**Try it**
Please write out the data that follows, word for word.

**Records for this task**
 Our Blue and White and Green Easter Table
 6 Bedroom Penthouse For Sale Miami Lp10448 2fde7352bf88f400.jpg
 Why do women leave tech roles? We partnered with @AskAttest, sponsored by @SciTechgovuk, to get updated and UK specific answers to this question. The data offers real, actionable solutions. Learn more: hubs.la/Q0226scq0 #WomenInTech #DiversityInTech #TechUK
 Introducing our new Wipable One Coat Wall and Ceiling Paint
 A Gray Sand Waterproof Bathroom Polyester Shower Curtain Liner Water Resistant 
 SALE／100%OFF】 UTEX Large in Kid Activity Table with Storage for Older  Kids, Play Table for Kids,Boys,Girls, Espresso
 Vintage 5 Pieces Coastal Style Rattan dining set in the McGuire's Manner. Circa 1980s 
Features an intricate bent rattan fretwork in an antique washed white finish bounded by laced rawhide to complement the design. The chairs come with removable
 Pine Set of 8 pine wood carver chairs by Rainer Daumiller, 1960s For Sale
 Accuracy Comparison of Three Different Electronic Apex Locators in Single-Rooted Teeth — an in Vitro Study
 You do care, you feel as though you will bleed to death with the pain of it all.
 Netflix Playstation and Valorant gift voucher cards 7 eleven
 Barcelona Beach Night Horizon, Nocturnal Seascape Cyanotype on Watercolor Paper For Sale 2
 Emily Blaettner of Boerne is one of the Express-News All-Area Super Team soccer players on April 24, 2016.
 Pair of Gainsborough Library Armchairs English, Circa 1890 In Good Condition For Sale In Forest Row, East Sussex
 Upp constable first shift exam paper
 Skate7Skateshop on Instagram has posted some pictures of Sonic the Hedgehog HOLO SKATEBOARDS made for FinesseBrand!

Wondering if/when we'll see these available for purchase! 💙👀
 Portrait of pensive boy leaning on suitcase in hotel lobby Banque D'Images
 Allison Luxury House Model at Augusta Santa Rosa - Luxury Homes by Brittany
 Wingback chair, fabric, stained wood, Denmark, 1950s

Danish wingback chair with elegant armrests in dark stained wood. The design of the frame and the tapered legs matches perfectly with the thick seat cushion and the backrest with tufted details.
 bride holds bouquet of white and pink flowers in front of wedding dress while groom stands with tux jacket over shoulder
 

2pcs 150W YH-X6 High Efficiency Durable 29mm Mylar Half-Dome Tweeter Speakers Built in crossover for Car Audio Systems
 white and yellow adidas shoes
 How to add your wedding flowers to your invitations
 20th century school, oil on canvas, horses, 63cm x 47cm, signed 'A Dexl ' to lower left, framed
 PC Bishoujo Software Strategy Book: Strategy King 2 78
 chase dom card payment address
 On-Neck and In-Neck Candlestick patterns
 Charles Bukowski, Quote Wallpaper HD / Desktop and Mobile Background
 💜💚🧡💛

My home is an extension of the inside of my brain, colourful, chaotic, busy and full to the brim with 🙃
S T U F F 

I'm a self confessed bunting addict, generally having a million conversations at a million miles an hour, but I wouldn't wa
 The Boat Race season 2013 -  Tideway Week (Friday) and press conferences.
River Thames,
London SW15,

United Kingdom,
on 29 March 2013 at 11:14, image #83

**Task response**
 Our Blue and White and Green Easter Table
 6 Bedroom Penthouse For Sale Miami Lp10448 2fde7352bf88f400.jpg
 Why do women leave tech roles? We partnered with @AskAttest, sponsored by @SciTechgovuk, to get updated and UK specific answers to this question. The data offers real, actionable solutions. Learn more: hubs.la/Q0226scq0 #WomenInTech #DiversityInTech #TechUK
 Introducing our new Wipable One Coat Wall and Ceiling Paint
 A Gray Sand Waterproof Bathroom Polyester Shower Curtain Liner Water Resistant 
 SALE／100%OFF】 UTEX Large in Kid Activity Table with Storage for Older  Kids, Play Table for Kids,Boys,Girls, Espresso
 Vintage 5 Pieces Coastal Style Rattan dining set in the McGuire's Manner. Circa 1980s 
Features an intricate bent rattan fretwork in an antique washed white finish bounded by laced rawhide to complement the design. The chairs come with removable
 Pine Set of 8 pine wood carver chairs by Rainer Daumiller, 1960s For Sale
 Accuracy Comparison of Three Different Electronic Apex Locators in Single-Rooted Teeth — an in Vitro Study
 You do care, you feel as though you will bleed to death with the pain of it all.
 Netflix Playstation and Valorant gift voucher cards 7 eleven
 Barcelona Beach Night Horizon, Nocturnal Seascape Cyanotype on Watercolor Paper For Sale 2
 Emily Blaettner of Boerne is one of the Express-News All-Area Super Team soccer players on April 24, 2016.
 Pair of Gainsborough Library Armchairs English, Circa 1890 In Good Condition For Sale In Forest Row, East Sussex
 Upp constable first shift exam paper
 Skate7Skateshop on Instagram has posted some pictures of Sonic the Hedgehog HOLO SKATEBOARDS made for FinesseBrand!

Wondering if/when we'll see these available for purchase! 💙👀
 Portrait of pensive boy leaning on suitcase in hotel lobby Banque D'Images
 Allison Luxury House Model at Augusta Santa Rosa - Luxury Homes by Brittany
 Wingback chair, fabric, stained wood, Denmark, 1950s

Danish wingback chair with elegant armrests in dark stained wood. The design of the frame and the tapered legs matches perfectly with the thick seat cushion and the backrest with tufted details.
 bride holds bouquet of white and pink flowers in front of wedding dress while groom stands with tux jacket over shoulder
 

2pcs 150W YH-X6 High Efficiency Durable 29mm Mylar Half-Dome Tweeter Speakers Built in crossover for Car Audio Systems
 white and yellow adidas shoes
 How to add your wedding flowers to your invitations
 20th century school, oil on canvas, horses, 63cm x 47cm, signed 'A Dexl ' to lower left, framed
 PC Bishoujo Software Strategy Book: Strategy King 2 78
 chase dom card payment address
 On-Neck and In-Neck Candlestick patterns
 Charles Bukowski, Quote Wallpaper HD / Desktop and Mobile Background
 💜💚🧡💛

My home is an extension of the inside of my brain, colourful, chaotic, busy and full to the brim with 🙃
S T U F F 

I'm a self confessed bunting addict, generally having a million conversations at a million miles an hour, but I wouldn't wa
 The Boat Race season 2013 -  Tideway Week (Friday) and press conferences.
River Thames,
London SW15,

United Kingdom,
on 29 March 2013 at 11:14, image #83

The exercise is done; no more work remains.